START Information provided

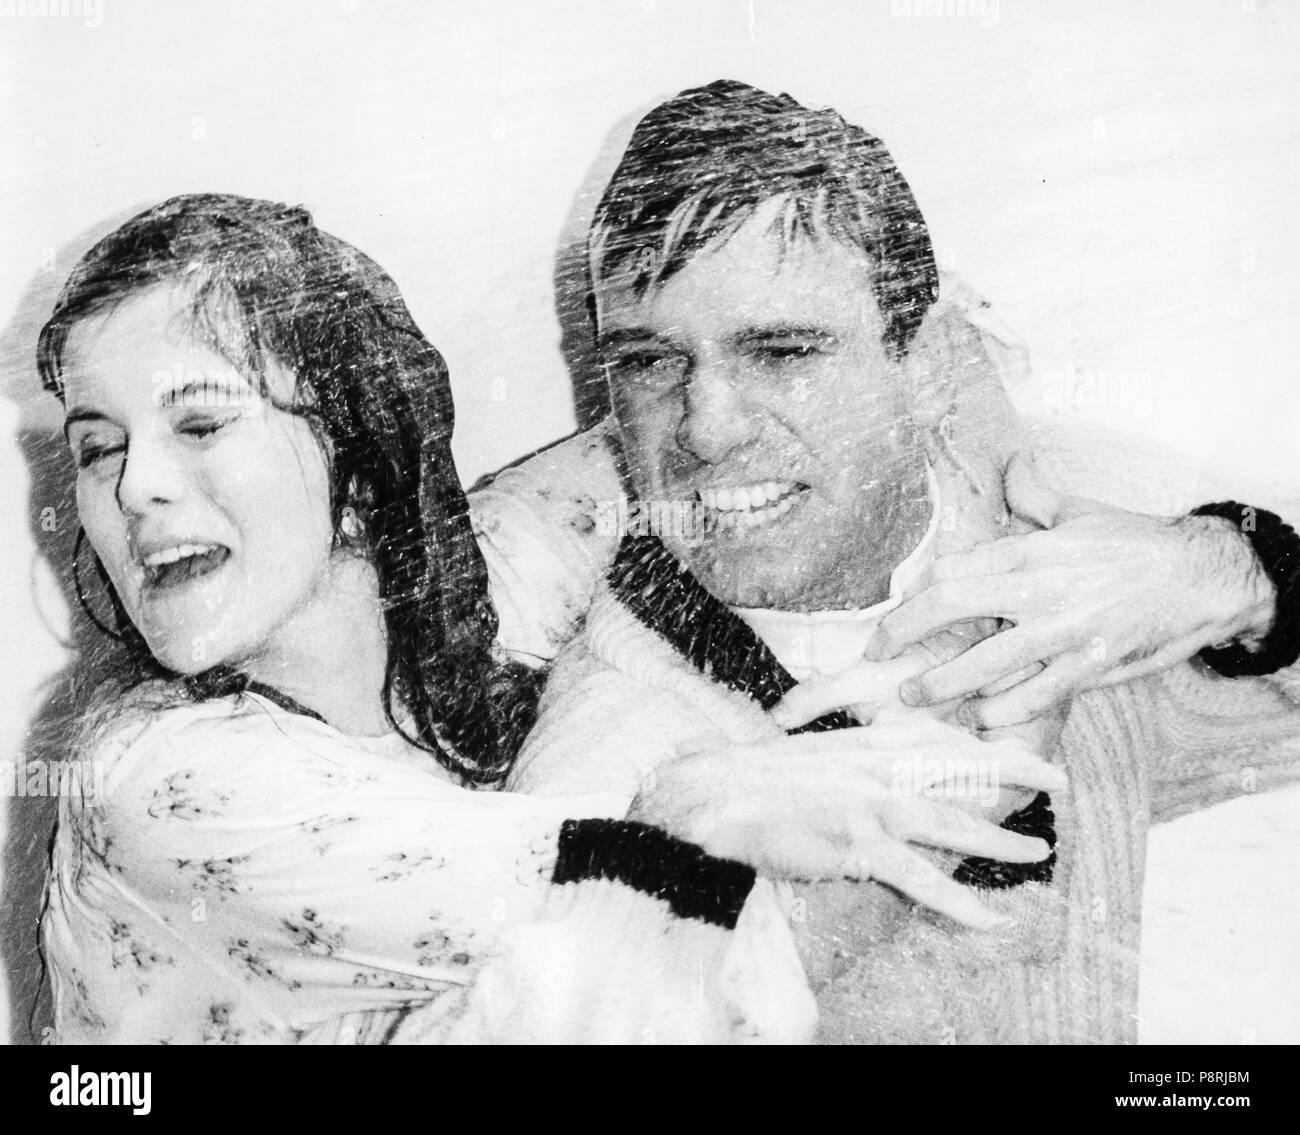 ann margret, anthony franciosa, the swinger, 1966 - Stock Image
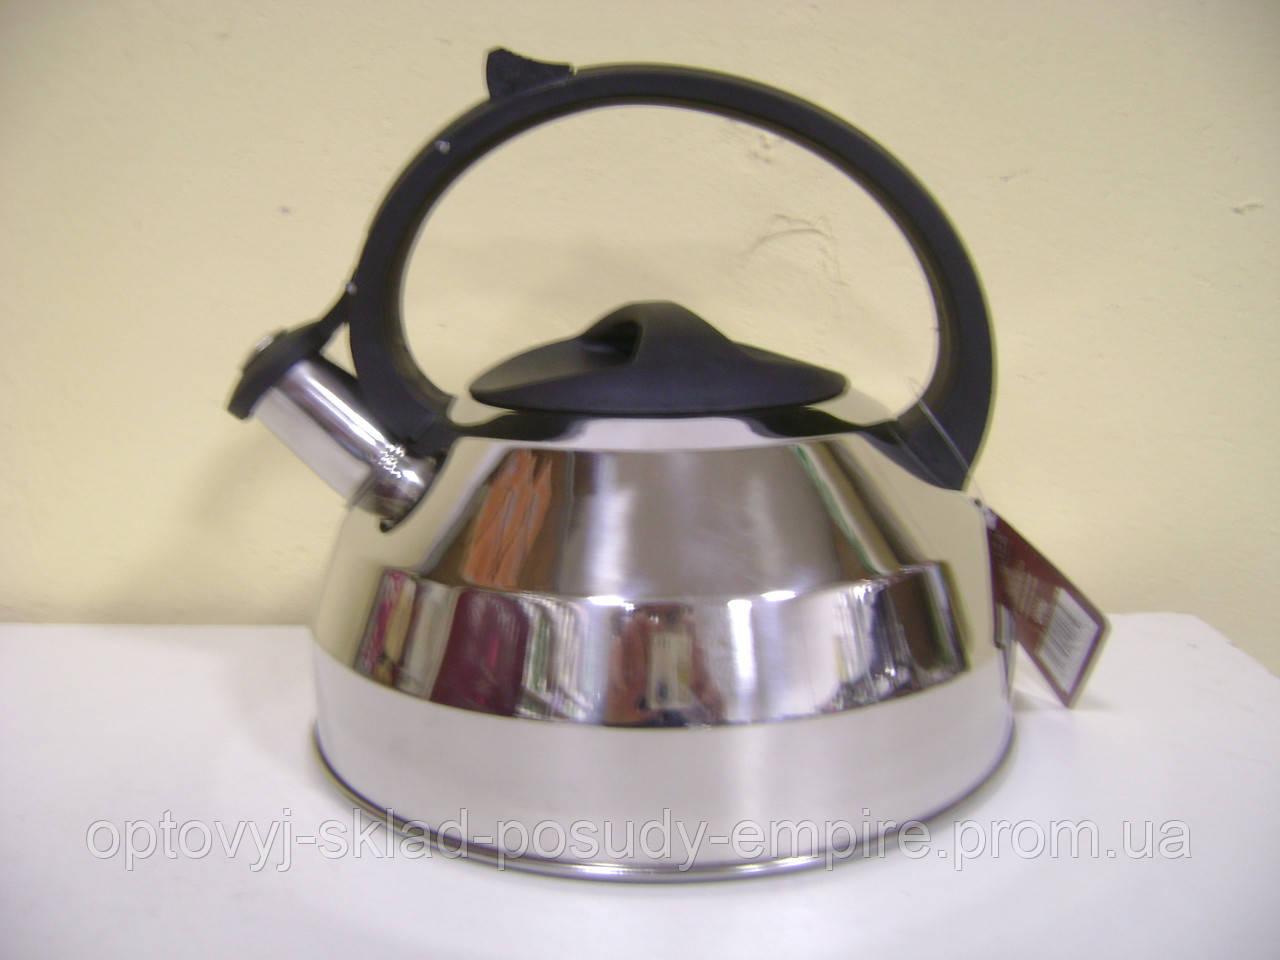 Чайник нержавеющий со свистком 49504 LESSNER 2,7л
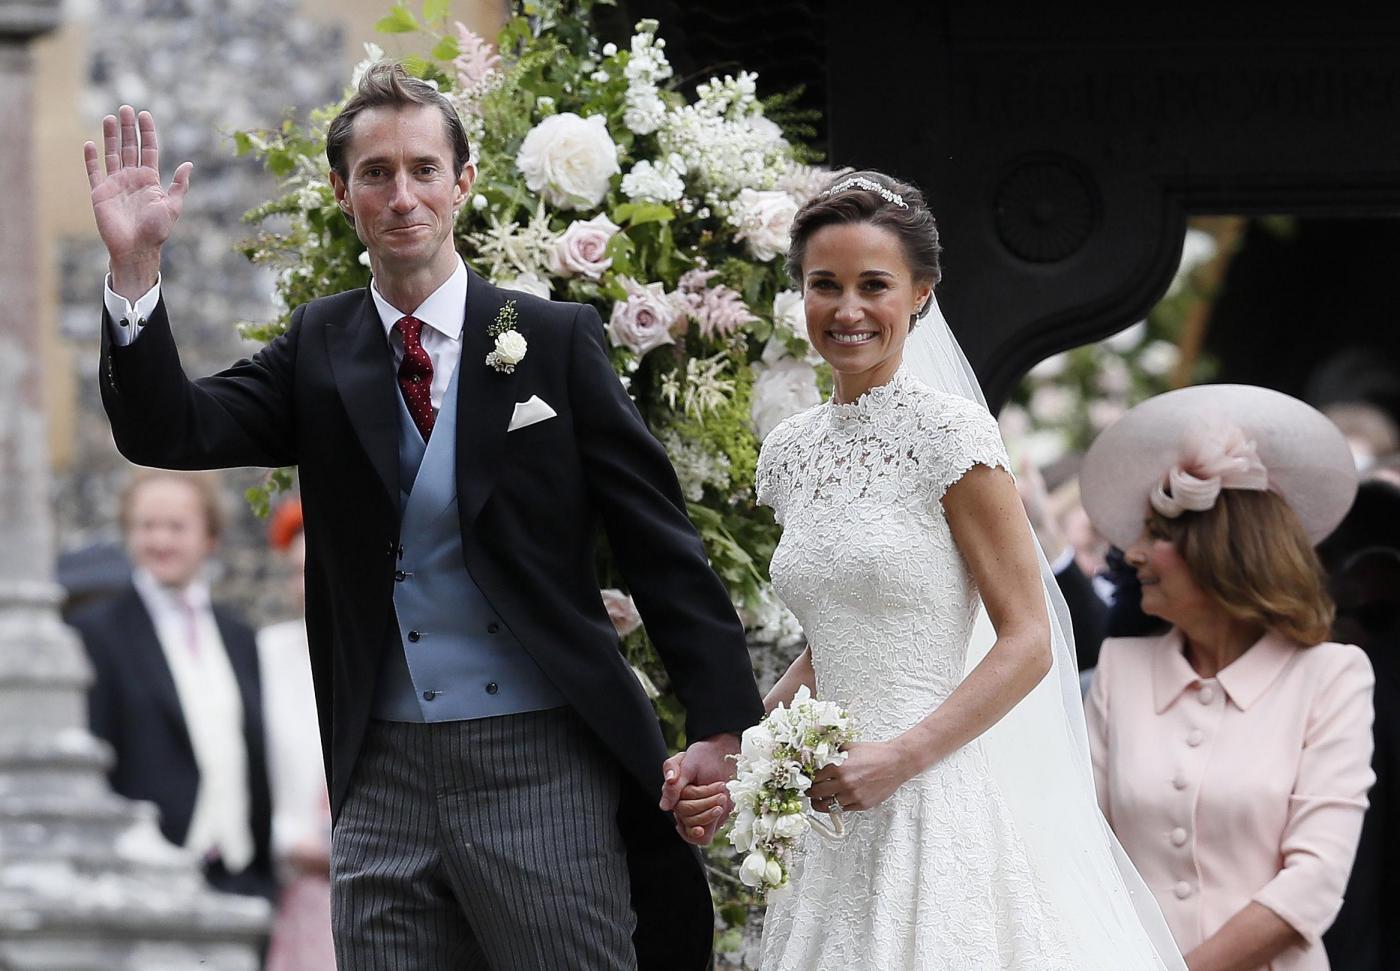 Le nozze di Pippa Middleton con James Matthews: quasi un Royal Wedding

END Information provided

Once the pictures are set aside, give the rest of the listing again exactly.

 ann margret, anthony franciosa, the swinger, 1966 - Stock Image
 Чайник нержавеющий со свистком 49504 LESSNER 2,7л
 Le nozze di Pippa Middleton con James Matthews: quasi un Royal Wedding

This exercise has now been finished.